Today I was thinking about using PHP to use singleton, and I saw a relatively comprehensive summary - several implementations of singleton mode. The implementation of PHP5 summarized in it:
PLAIN TEXTPHP:
class MyClass
{
private static $instance;
public static function singleton()
{
if (!isset(self::$instance)) {
$c = __CLASS__;
self::$instance = new $c;
}
return self::$instance;
}
}
This code is not very comfortable to use, because it is generally inherited from MyClass, and $c = __CLASS__; always obtains the class name of the base class, which is not available. We can only consider finding other implementation methods.

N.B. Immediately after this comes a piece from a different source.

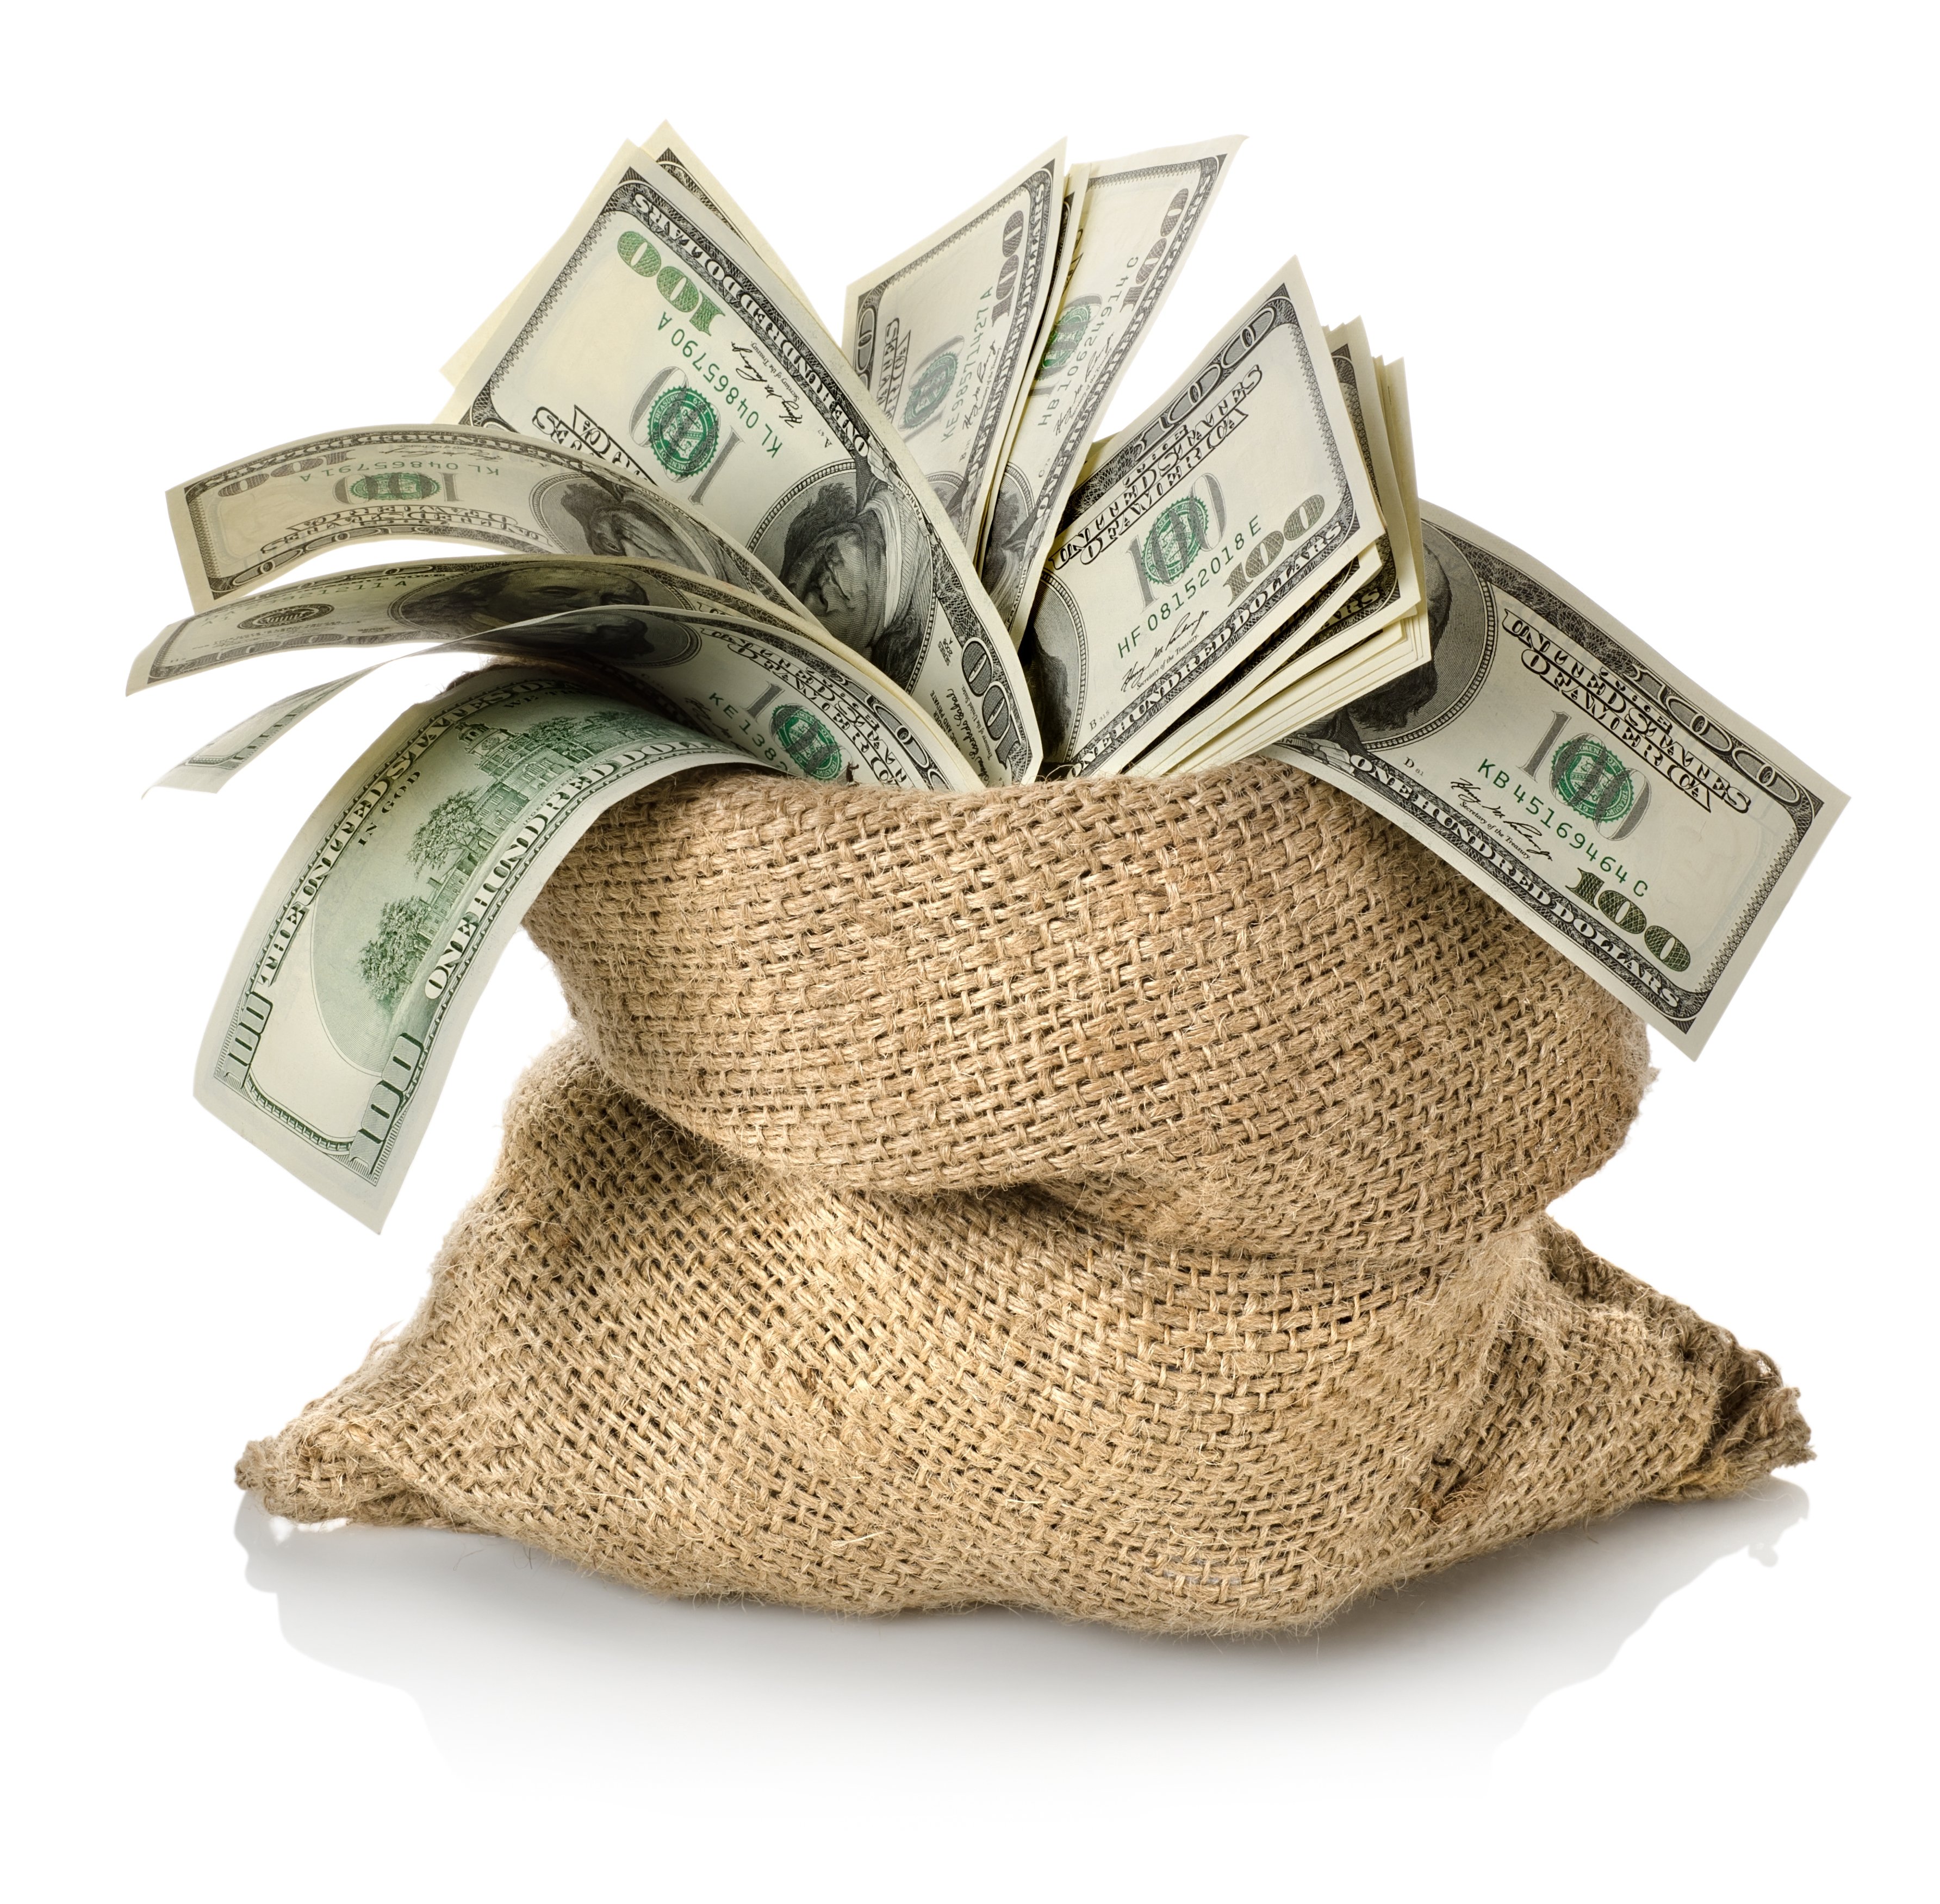 A bag full of $100 bills. | Photo: Shutterstock.

Then I started to look at the singleton implemented in the function method in the article. The implementation was very good. The disadvantage is that the class cannot be instantiated with parameters. Here is my version:
PLAIN TEXTPHP:
function getObj() {
static $obj = array();
$args = func_get_args();
if(empty($args))
return null;
$clazz = $args[0];
if(!is_object($obj[$clazz])) {
$cnt = count($args);
if($cnt> 1) {
for($i = 1, $s = ''; $i <$cnt; $i++)
$s[] = '$args[' . $i . ']';
eval('$obj[$clazz] = new $clazz(' . join(',', $s) . ');');
} else {
$obj[$clazz] = new $clazz;
}
}
return $obj[$clazz];
}
It can be easily called under php5:
PLAIN TEXTPHP:
getObj('MyClass', $param1, $param2)->myMethod();
Previous naive version:
Simple implementation of monad mode (SINGLETON)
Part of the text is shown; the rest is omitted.